Research and development carried out to gain commercial advantage (private benefit) is unlikely to be charitable, even if the public may obtain some benefit from it later on.

Case 1:  an organisation showed how it promoted food culture and heritage in Scotland

Summary:
We received an application from an organisation that promotes healthy, sustainable and ecologically sound methods of food production. The advancement of the arts, heritage and culture was included as one of its charitable purposes.  

Considerations:
The organisation’s activities include maintaining a collection of seeds and varieties of heritage fruit, vegetables, grains and other plants traditional to Scottish agriculture and diet. It works to build skills in small scale food growing, production and cooking that is culturally appropriate and suited to the Scottish environment and climate. It also uses media such as drama, storytelling and music to explore the links between creative arts, food traditions and the natural environment.

Outcome:
The applicant made a persuasive case that there was a strong heritage of food production and diet in Scotland that was an expression of Scottish cultural identity and which helped to build sustainable communities of growers, producers and consumers. We were satisfied that the organisation’s activities were capable of advancing the arts, heritage and culture. The application to become a charity was successful.

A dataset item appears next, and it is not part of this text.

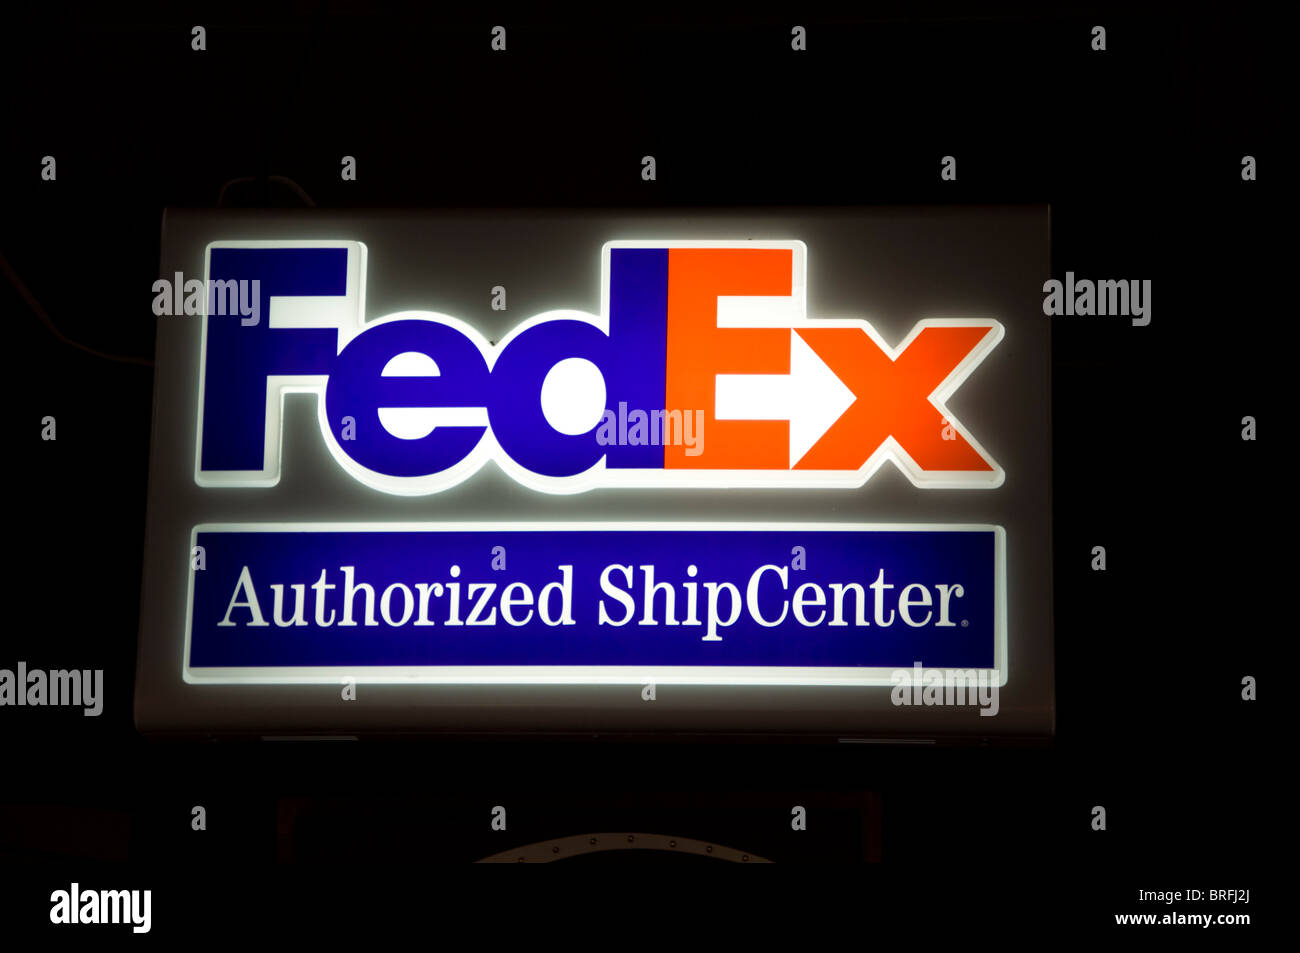 fedex techconnect logo

Case 2: an organisation satisfied us that its activities advanced science for young people

Summary:
We received an application from a body that organised challenging and inspiring expeditions for young people to the Arctic. The organisation had a number of charitable purposes including the advancement of science.

Considerations:
While on the expeditions the young people participate in a range of scientific experiments and observations measuring the effects of climate change. The work is carried out on behalf of academic institutions and also private companies. In return, these bodies helped to fund the expeditions and contributed to the training of the young people.

Outcomes:
We were satisfied that the activities were capable of stimulating an interest in science among the young people. We were also satisfied that the findings of their experiments would be made publicly available and not used for private commercial advantage. The application to become a charity was successful with the advancement of science among its purposes.

Case 3: we decided that an organisations activities primarily supported existing businesses rather than advancing the arts  

Summary:
An application was received from an organisation that supported the development of entrepreneurs working in creative industries such as fashion, design, art and film-making. The applicant included the advancement of the arts, heritage and culture among its purposes.

Considerations:
The organisation assists creative entrepreneurs to develop their business skills through training and mentoring. For selected beneficiaries it also provides funding for them to develop and find markets for their products. We were concerned that the emphasis was on developing business acumen rather than artistic skills.  

Outcomes:
We did not consider that the provision of business support to help the creation of flourishing businesses was an activity capable of advancing the arts. While many of the businesses being supported operated in the art and design fields, we considered that any public benefit would be incidental to the primary activity of developing new businesses. We refused the application and this decision was confirmed following a request for review by the applicant.